Anyone using CrowdSec?
-
Just read about it here and was wondering if anyone has tried it out yet?
From their GitHub repo --
A modern behavior detection system, written in Go. It stacks on Fail2ban's philosophy, but uses Grok patterns & YAML grammar to analyse logs, a modern decoupled approach (detect here, remedy there) for Cloud/Containers/VM based infrastructures.
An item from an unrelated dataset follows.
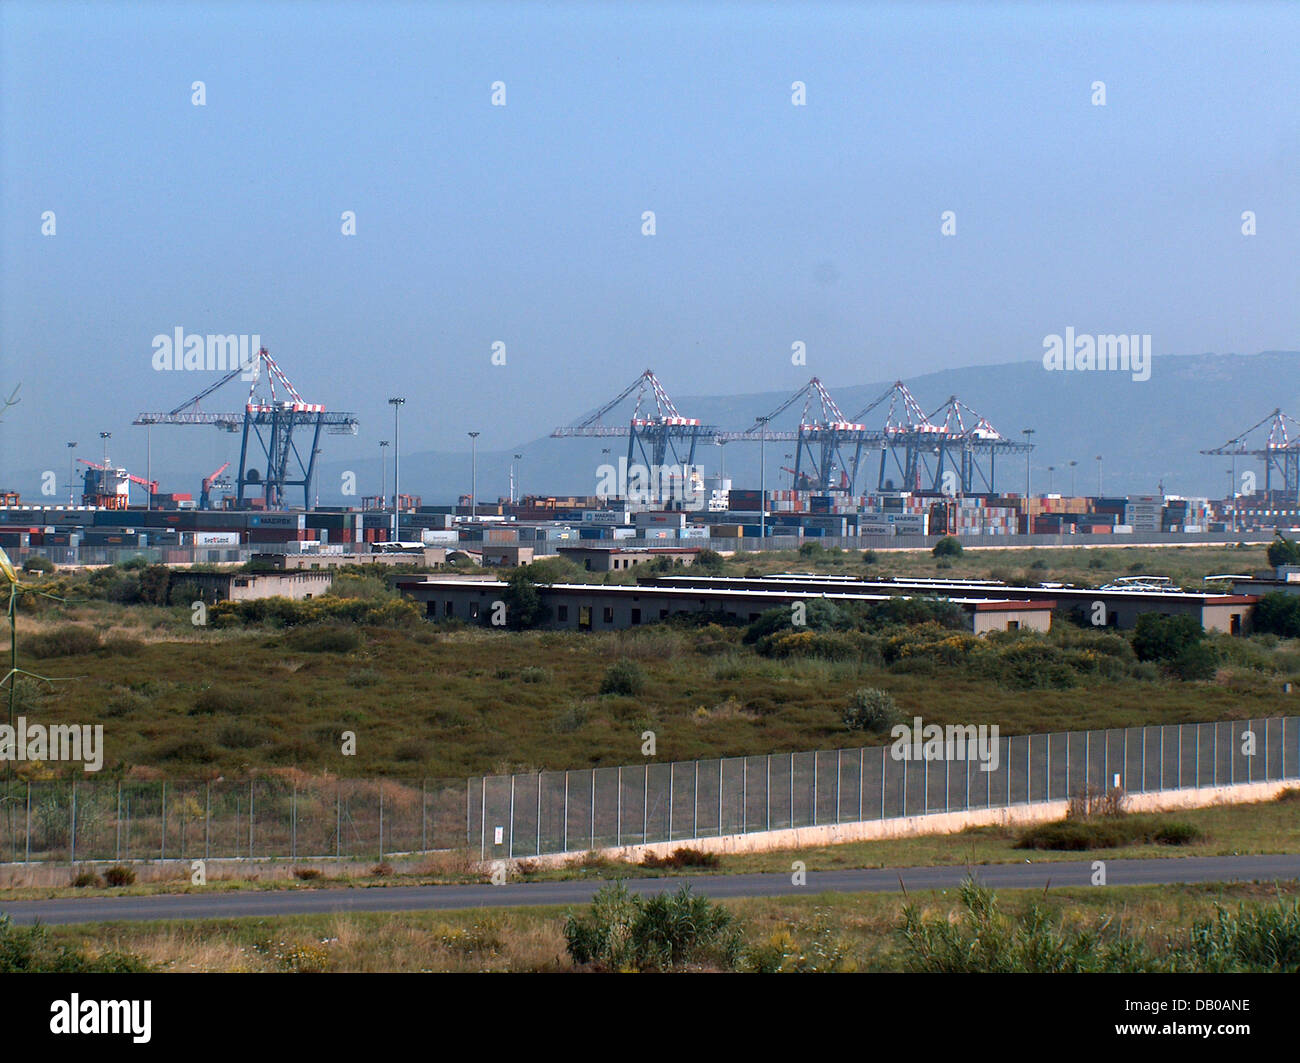 La photo montre le port à conteneurs grues à Gioia Tauro (Italie), 26 juin 2007. Photo : Lars Halbauer Banque D'Images

Once detected you can remedy threats with various bouncers (block, 403, Captchas, etc.) and blocked IPs are shared among all users to further improve their security.
-
Have not used it nor seen it. But was thinking just this morning about the need for something like this. I like the idea.
-
This looks like a good tool. If it is performant at high volume that will be a huge improvment over
fail2ban.I am a little concerned about the global block process. But I assume they have that addressed someplace. I only read this page, nothing else yet.
-
@JaredBusch said in Anyone using CrowdSec?:
This looks like a good tool. If it is performant at high volume that will be a huge improvment over
fail2ban.I am a little concerned about the global block process. But I assume they have that addressed someplace. I only read this page, nothing else yet.
yeah, that's what gave me pause too.
But definitely seems like a cool idea.
What I want to know is who's footing the bill for the centralized collection of these IPs and redistribution.